The sheer volume of data being collected by a typical organization is another challenge, as is the range of sources -- from cloud-based systems to endpoint devices deployed as part of an internet-of-things ecosystem -- that produce data.
The speed at which data enters an organization creates further challenges to having a successful data profiling program.
These data prep challenges are even more significant in organizations that have not adopted modern data profiling tools and still rely on manual processes for large parts of this work.
On a similar note, organizations that don't have adequate resources -- including trained data professionals, tools and the funding for them -- will have a harder time overcoming these challenges.
However, those same elements make data profiling more critical than ever to ensure that the organization has the quality data it needs to fuel intelligent systems, customer personalization, productivity-boosting automation projects and more.
Examples of data profiling
Data profiling can be implemented in a variety of use cases where data quality is important.
For example, projects that involve data warehousing or business intelligence may require gathering data from multiple disparate systems or databases for one report or analysis. Applying data profiling to these projects can help identify potential issues and corrections that need to be made in extract, transform and load (ETL) jobs and other data integration processes before moving forward.
Additionally, data profiling is crucial in data conversion or data migration initiatives that involve moving data from one system to another. Data profiling can help identify data quality issues that may get lost in translation or adaptions that must be made to the new system prior to migration.
The following four methods, or techniques, are used in data profiling:
- column profiling, which assesses tables and quantifies entries in each column;
- cross-column profiling, which features both key analysis and dependency analysis;
- cross-table profiling, which uses key analysis to identify stray data as well as semantic and syntactic discrepancies; and
- data rule validation, which assesses data sets against established rules and standards to validate that they're being followed.
Data profiling tools
Data profiling tools replace much, if not all, of the manual effort of this function by discovering and investigating issues that affect data quality, such as duplication, inaccuracies, inconsistencies and lack of completeness.
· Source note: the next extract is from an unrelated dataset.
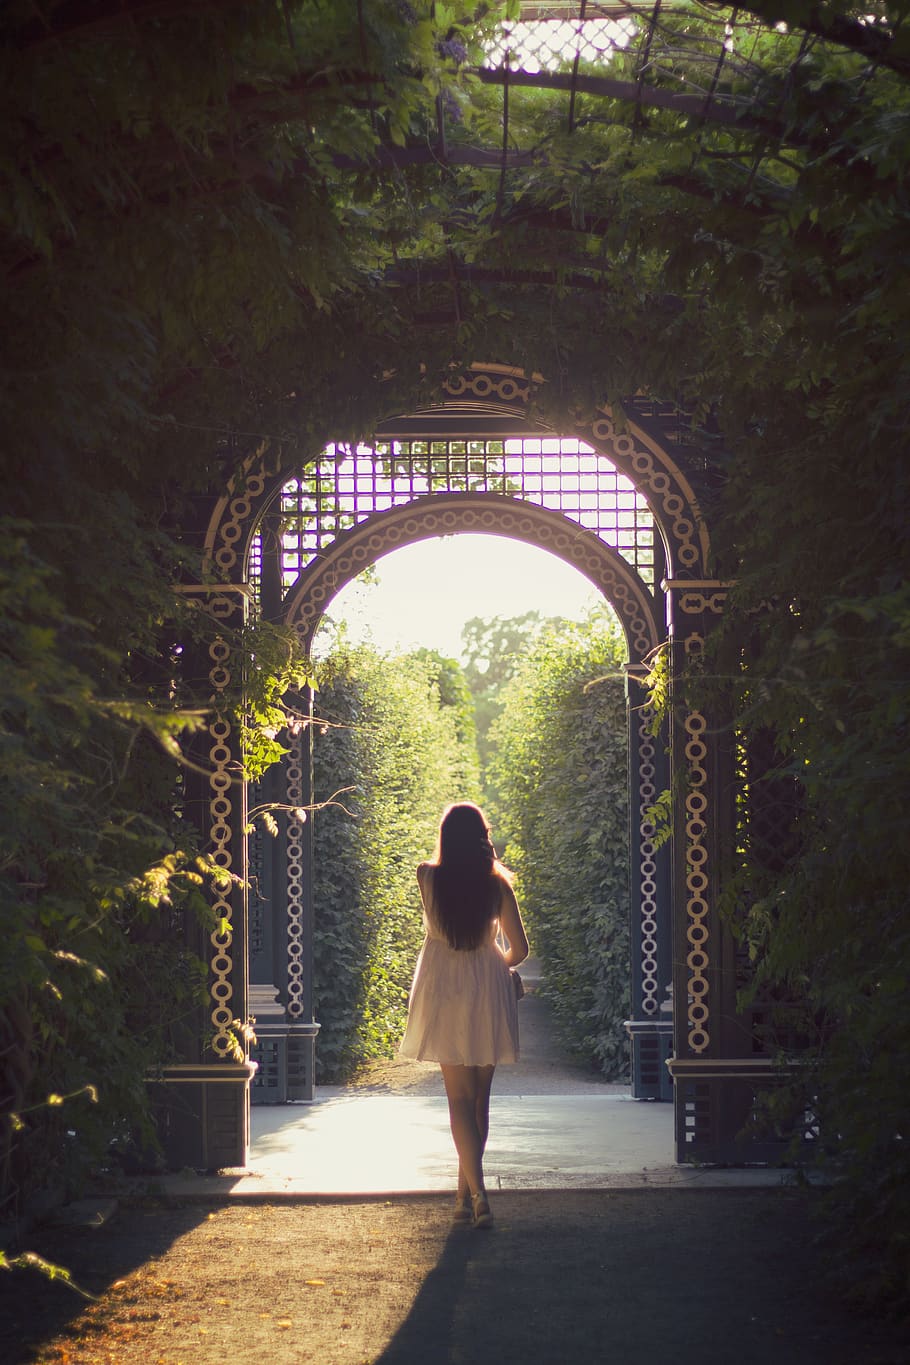 HD wallpaper: woman walking alone on pathway, garden, outdoors

These technologies work by analyzing data sources and linking sources to their metadata to allow for further investigation into errors.
Furthermore, they offer data professionals quantitative information and statistics around data quality, typically in tabular and graph formats.
Data management applications, for example, can manage the profiling process through tools that eliminate errors and apply consistency to data extracted from multiple sources without the need for hand coding.
Such tools are essential for many, if not most, organizations today as the volume of data they use for their business activities significantly outpaces even a large team's ability to perform this function through mostly manual efforts.
Data profile tools also generally include data wrangling, data gap and metadata discovery capabilities as well as the ability to detect and merge duplicates, check for data similarities and customize data assessments.
Commercial vendors that provide data profiling capabilities include Datameer, Informatica, Oracle and SAS. Open source solutions include Aggregate Profiler, Apache Griffin, Quadient DataCleaner and Talend.